Maybe a bowl or 2 in there?


----------



## MRDucks2 (Apr 11, 2020)

Gave the bulk of the wood to a neighbor. By the time I got to the best log portion of the tree it was getting pithy in the center. Still saved a couple of sections and crotches as well as some the bottom pieces and the root wad. We shall see.


----------



## mick (Apr 12, 2020)

MRDucks2 said:


> Gave the bulk of the wood to a neighbor. By the time I got to the best log portion of the tree it was getting pithy in the center. Still saved a couple of sections and crotches as well as some the bottom pieces and the root wad. We shall see.


Cherry root balls can have some great grain and color. You did good saving that. I glad things weren't worse and everyone is safe.
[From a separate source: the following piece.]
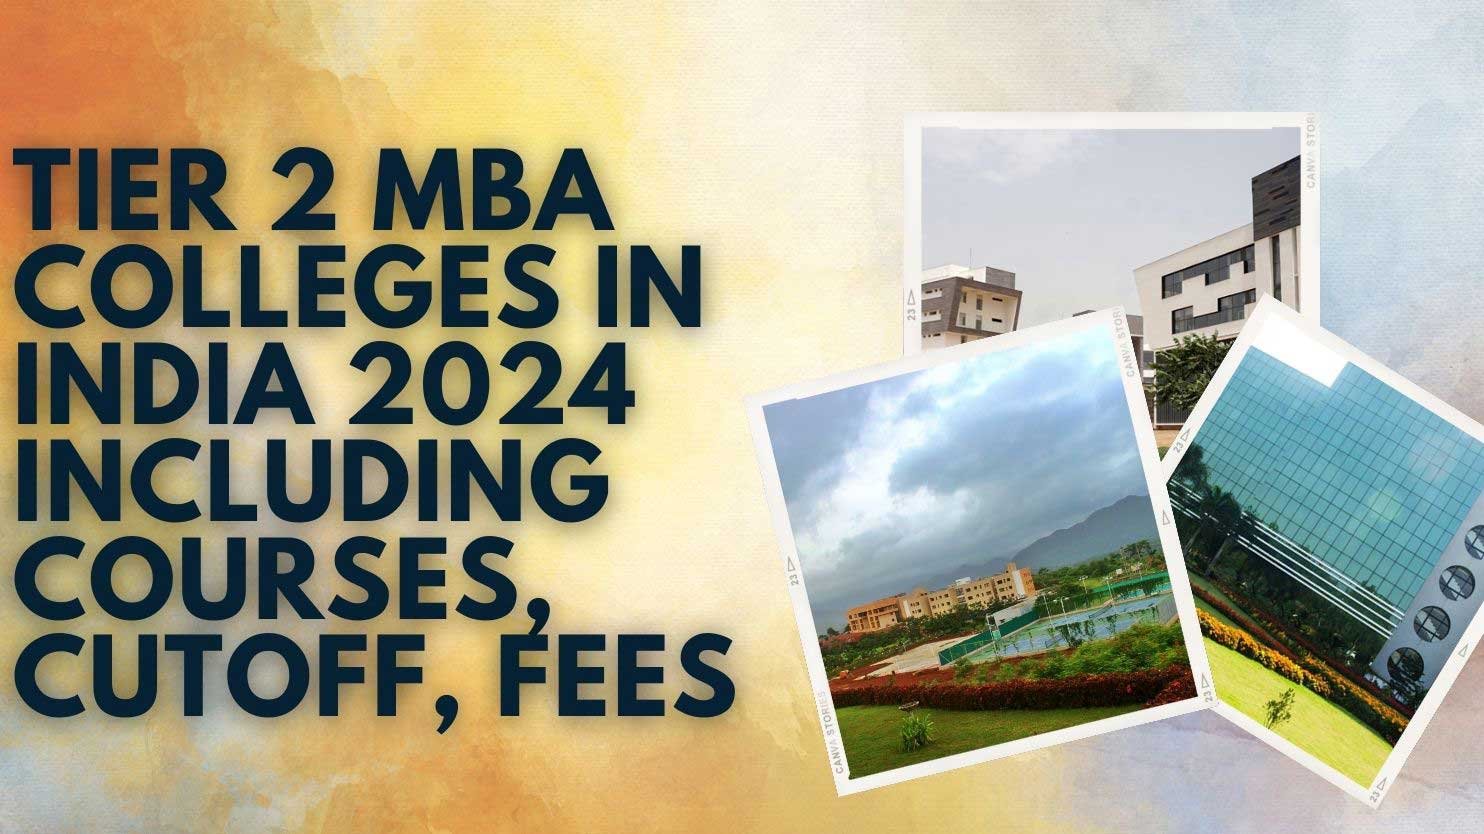 Tier 2 MBA Colleges in India 2024 Including Courses, Cutoff, Fees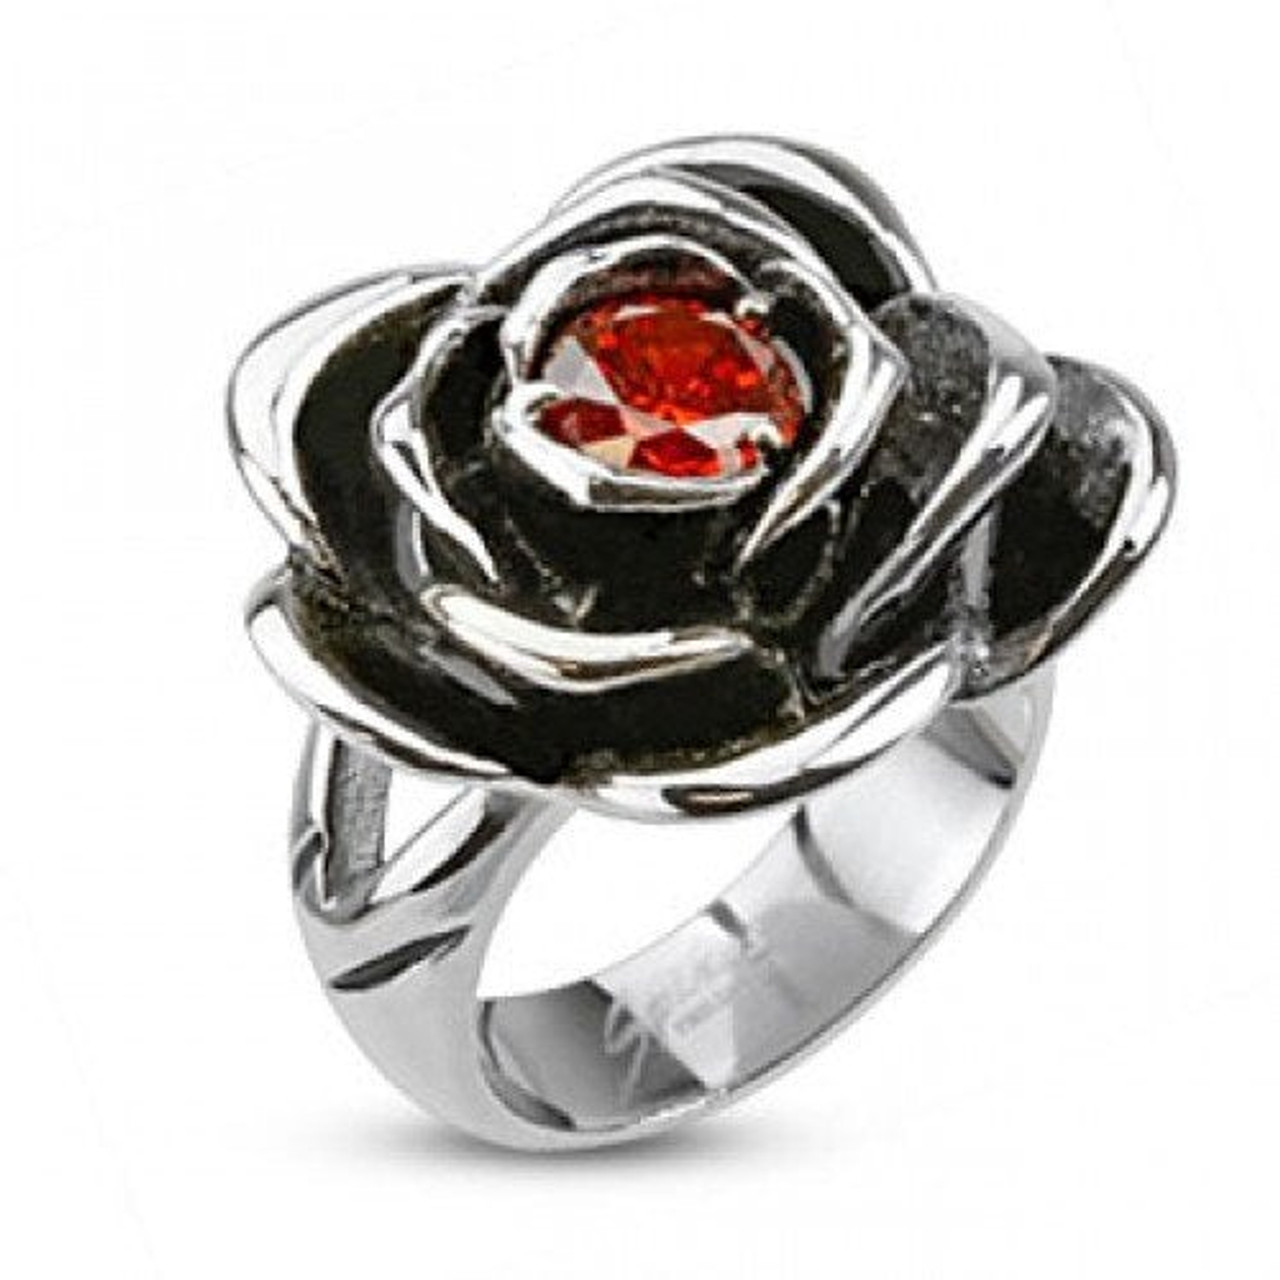 Red Rose Ring - Flower Petals Photography Handmade Silver Jewelry - 768 |  eBay

They're calling for severe weather in our area tomorrow morning. 

Sent from my SM-G955U using Tapatalk


----------



## mark james (Apr 12, 2020)

I am glad you did not have worse damage.  We also had those storms.  I was at my in-laws (2 1/2 hrs away).  We called the house, no answer so we knew the power was out.  I went home to take care of all the frozen foods we had just stocked up on for the self-quarantining.  The power got re-strung in the driveway in about 36 hrs - I have nothing but praise for the utility company.

Stay safe and healthy Mike


----------



## Dalecamino (Apr 12, 2020)

Glad the tree fell where it did Mike! +1 on the root ball.


----------



## MRDucks2 (Apr 12, 2020)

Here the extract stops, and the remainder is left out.